Kiwi quizzers off to battle of the brainiest
Seven clever Kiwi lads have quizzed their way to the brink of glory at the World Puzzle Championships.
This year’s 26th annual event attracts more than 150 people from 30 countries to Bangalore, India, from mid October in tandem with the 12th World Sudoku Championships – and for the first time it will feature a New Zealand team of Finbarr Nobel, 26, Matt Russell, 26, Simon O’Donnell, 25, Sam Shillson, 25, and Jordan Hamel, 25, from Wellington, and George Meale, 25, and Henry Taylor, 25, from Auckland.
The team met during their first year at the University of Otago in 2010, and have lived together onand-off ever since, moving from casual evenings at the city’s many pub quizzes to the brain-teasers they’ll now face at the WPC.
Hamel, the group’s capitan, admits it all started as a bit of fun, and they only decided to ‘‘get serious’’ after hearing about the world champs last year.
But in order to enter, the young professionals, five of whom are lawyers, had to create a new company because world champs competitors have to register through an official puzzle organisation in their country – and New Zealand didn’t have one.
So Aotearoa Puzzles Inc was born in December last year.
O’Donnell, the group’s Sudoku captain, says he practices five times a week and likes to keep things simple.

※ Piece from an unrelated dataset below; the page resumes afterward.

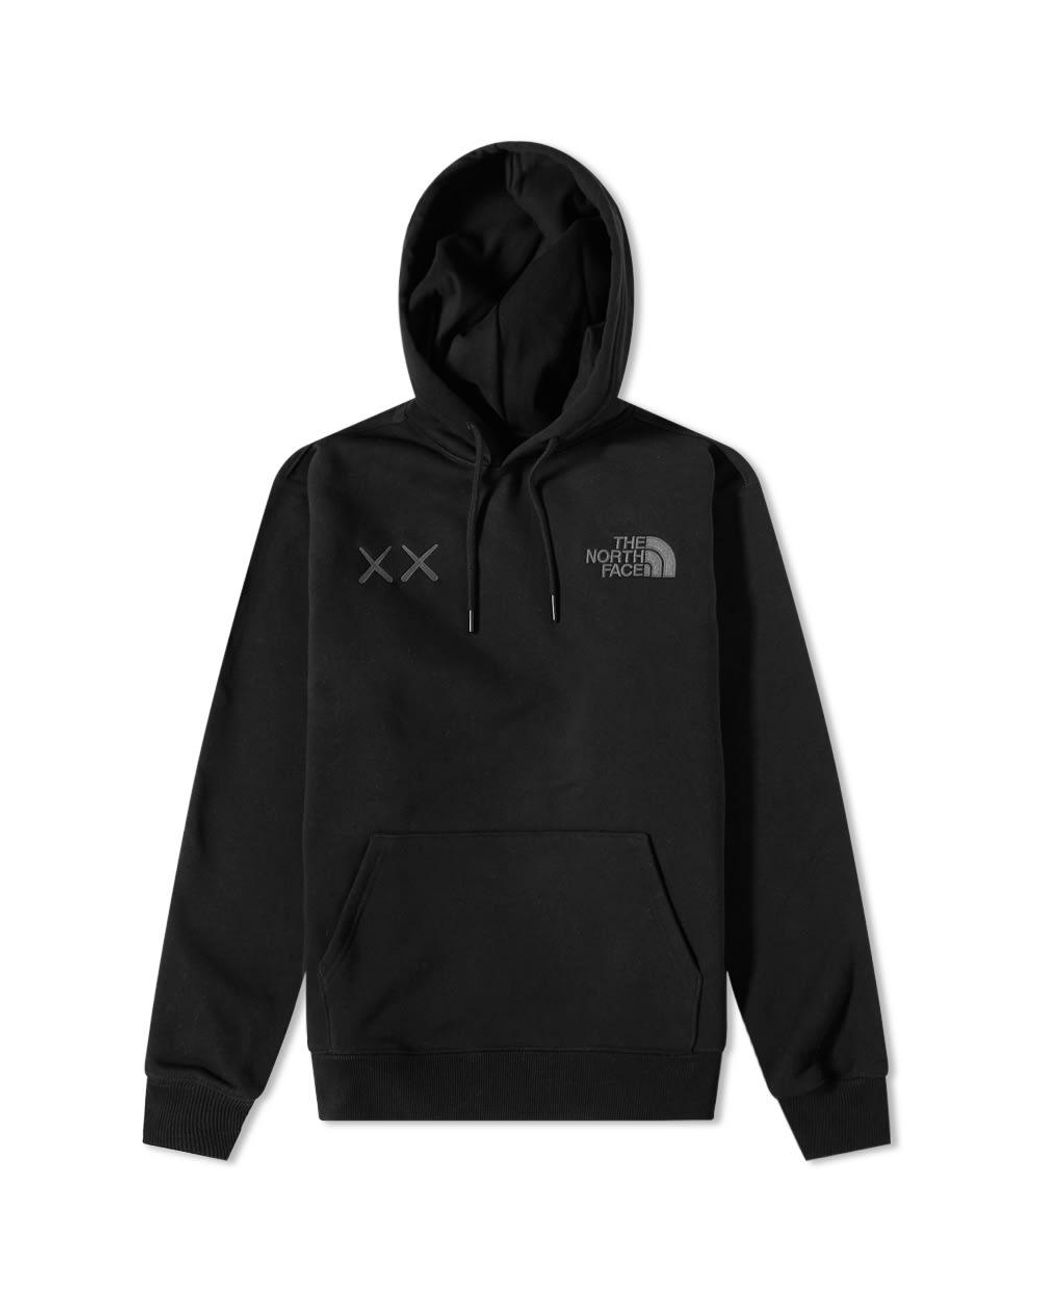 The North Face Kaws Hoodie
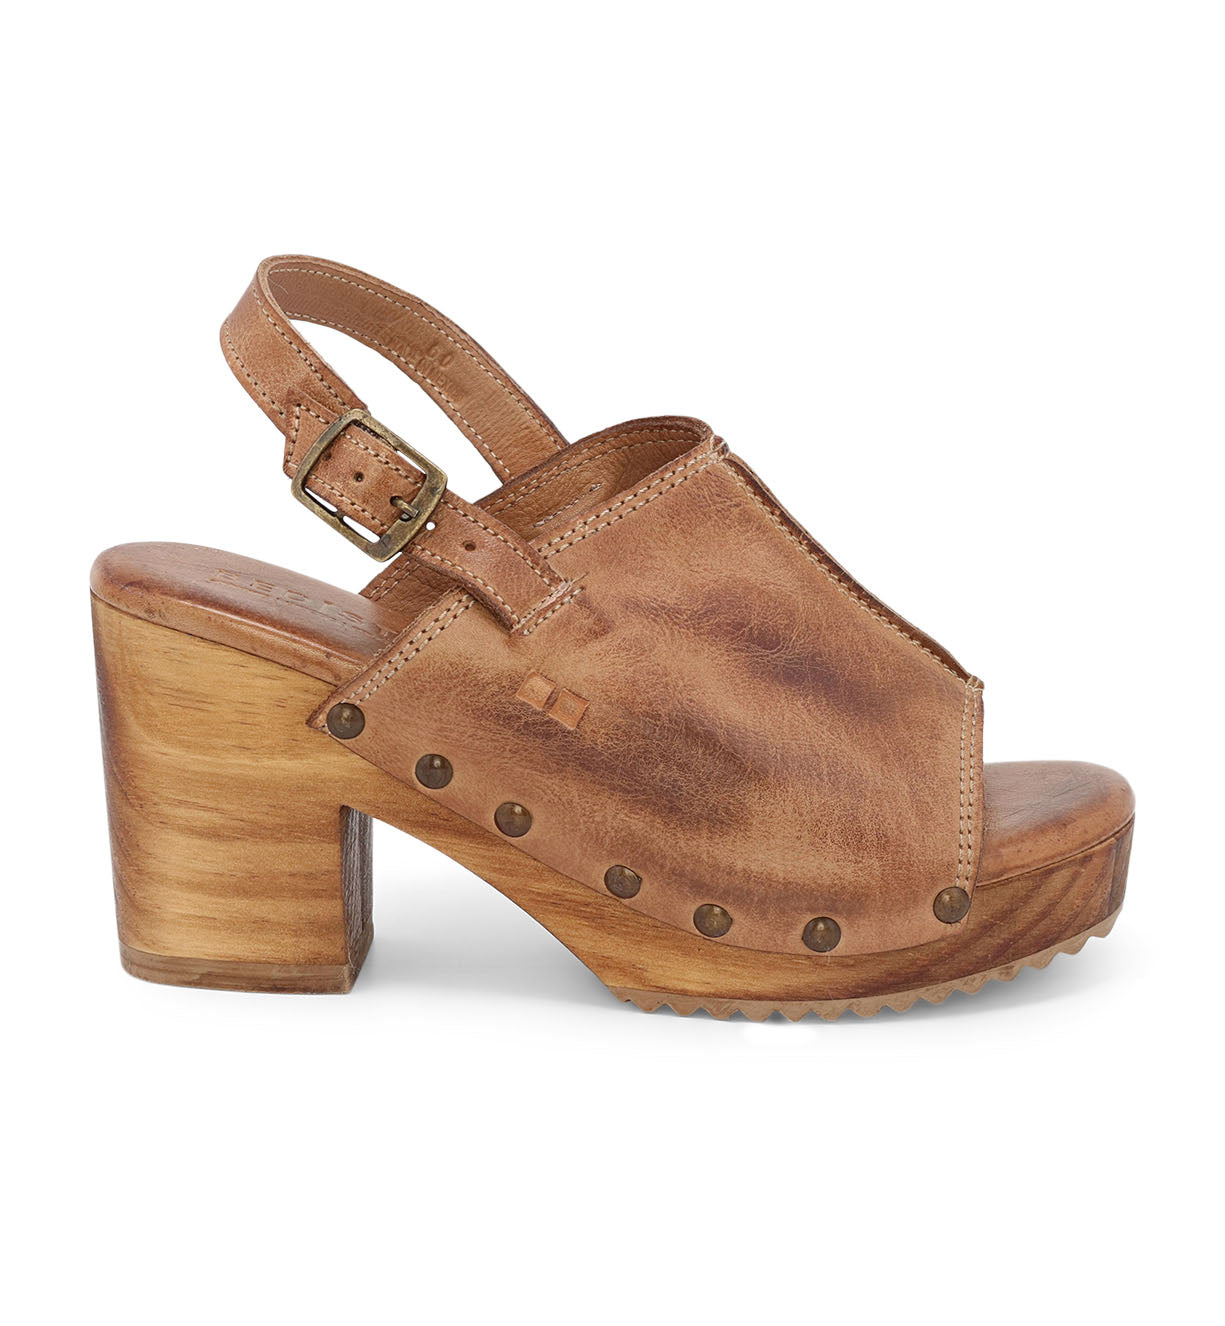 A Marie leather sandal with wooden heel by Bed Stu.

‘‘I normally start with the ones, then move on to the twos and work my way numerically up to nine – I don’t like to get out of order or my brain sort of gets a little tangled.
‘‘There is a lot of mysticism surrounding some of the more complex strategies of solving Sudokus, the Japanese have been doing it for hundreds of years and they have a few tricks up their sleeves that I just don’t know.’’
Fortunately for the guys, there is one Kiwi that is in the know.
James McGowan, based in Christchurch, is a top world puzzler, who’s been to six WPC’s and got silver in the 2015 individual logic competition in Bulgaria while competing for the UK.